=== Input data ===

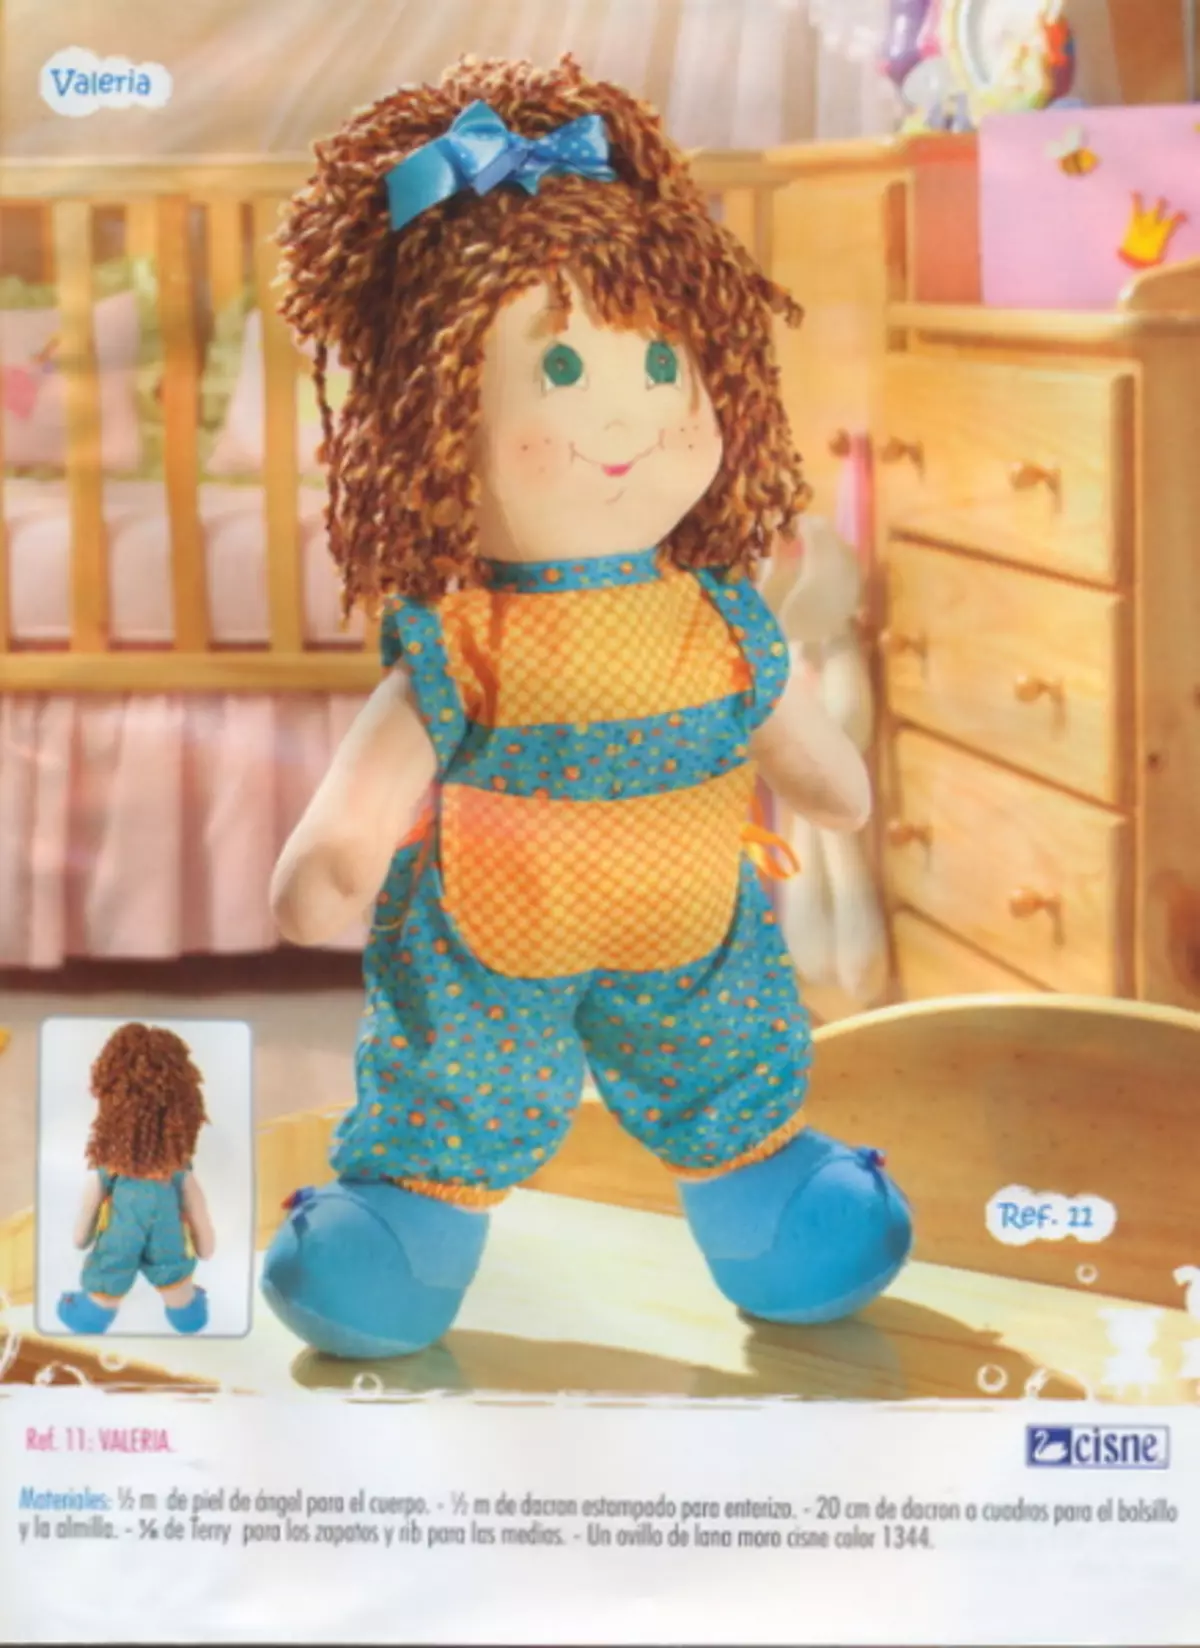 Quili - 135. Majalah dengan corak boneka tekstil
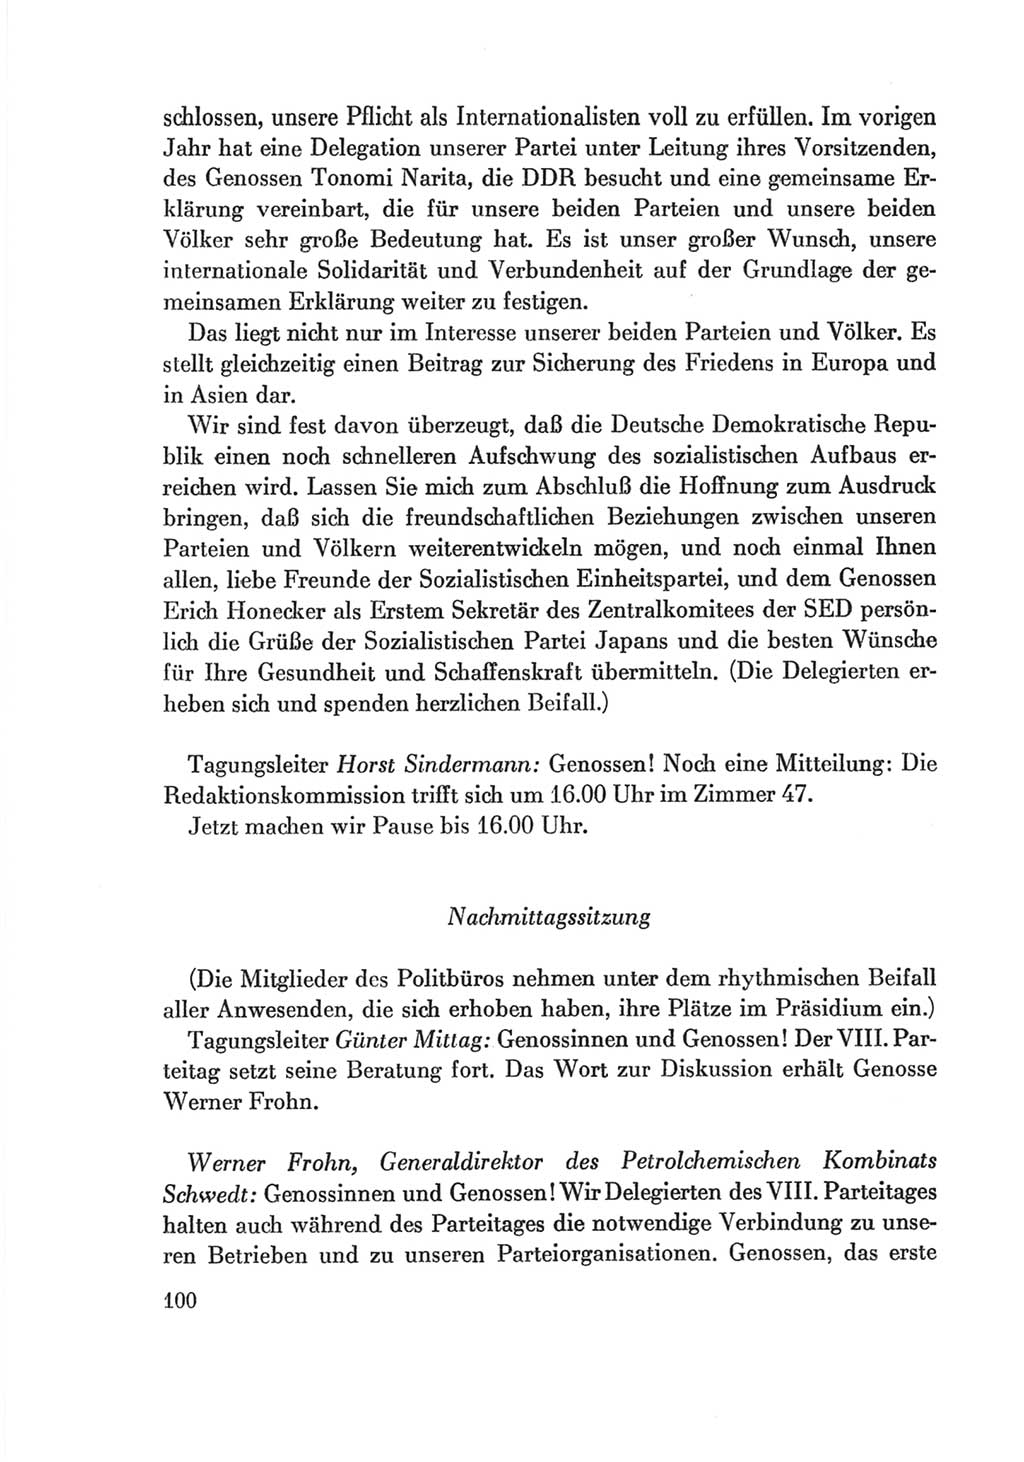 Protokoll der Verhandlungen des Ⅷ. Parteitages der Sozialistischen Einheitspartei Deutschlands (SED) [Deutsche Demokratische Republik (DDR)] 1971, Band 2, Seite 100 (Prot. Verh. Ⅷ. PT SED DDR 1971, Bd. 2, S. 100)
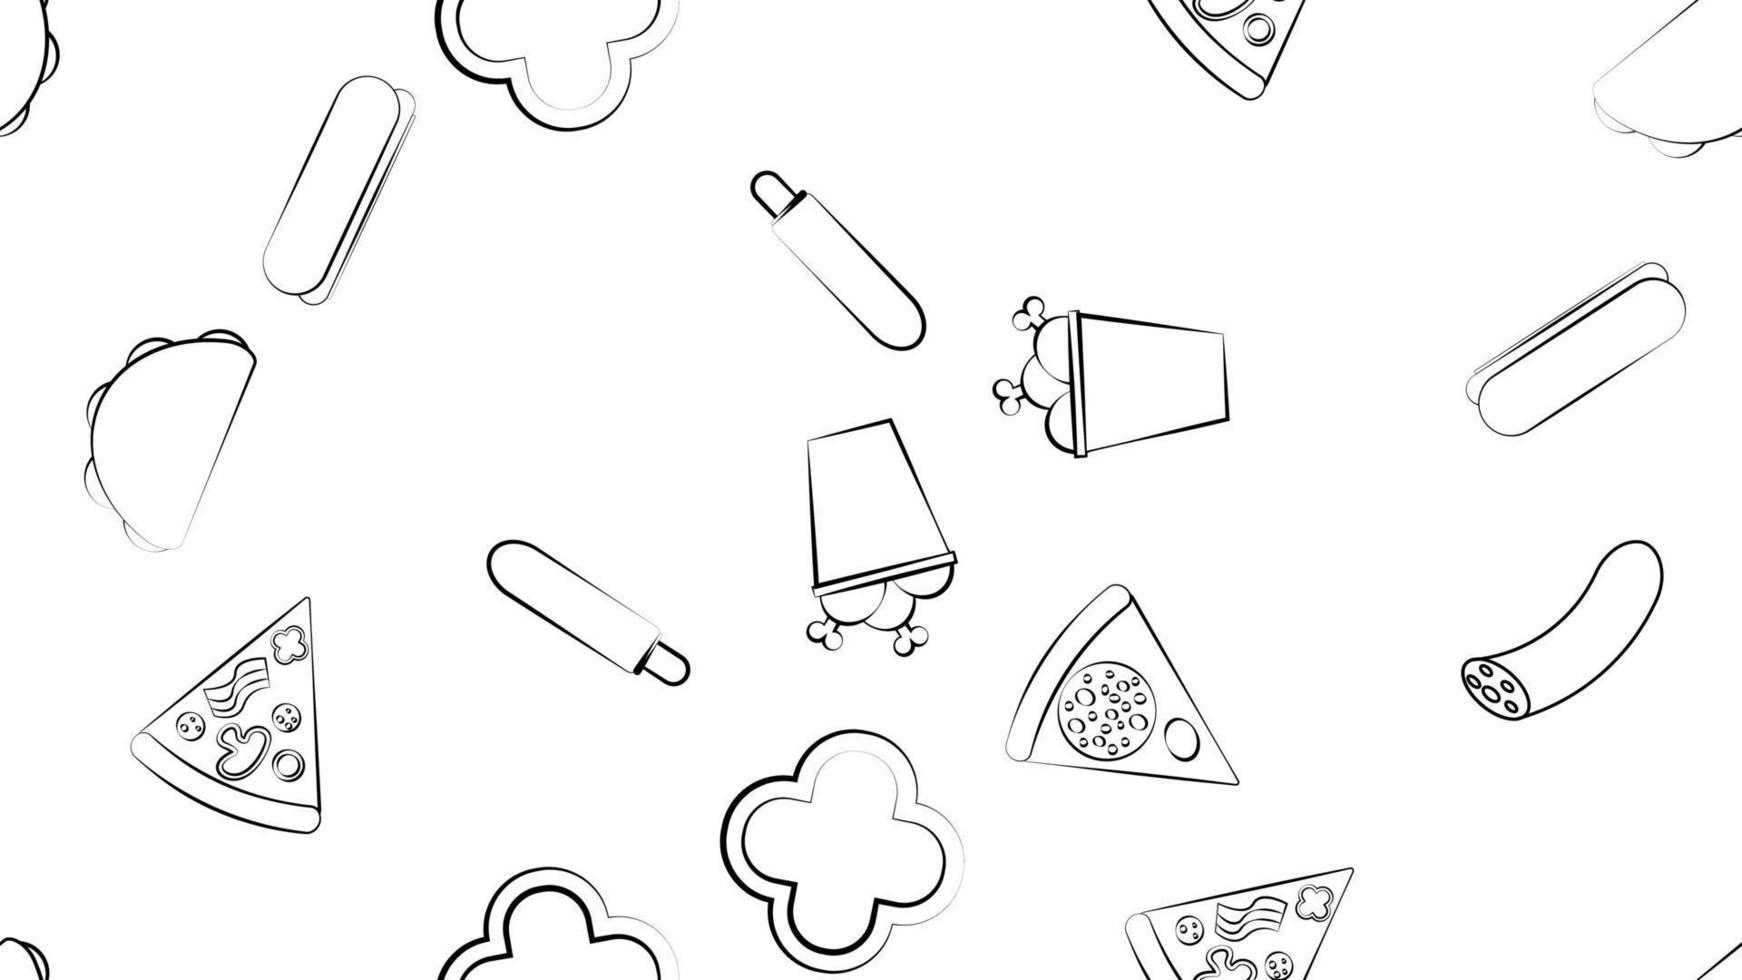 schwarz-weißes endloses nahtloses muster von lebensmittel- und snackartikeln, die für restaurantbar-café-pizza, hotdog, burrito, wurst, hähnchen gesetzt werden. der Hintergrund vektor

===

Action item: Without the pictures, write out all of the material exactly.

Reply to the exercise:
 Quili - 135. Majalah dengan corak boneka tekstil
 Protokoll der Verhandlungen des Ⅷ. Parteitages der Sozialistischen Einheitspartei Deutschlands (SED) [Deutsche Demokratische Republik (DDR)] 1971, Band 2, Seite 100 (Prot. Verh. Ⅷ. PT SED DDR 1971, Bd. 2, S. 100)
 schwarz-weißes endloses nahtloses muster von lebensmittel- und snackartikeln, die für restaurantbar-café-pizza, hotdog, burrito, wurst, hähnchen gesetzt werden. der Hintergrund vektor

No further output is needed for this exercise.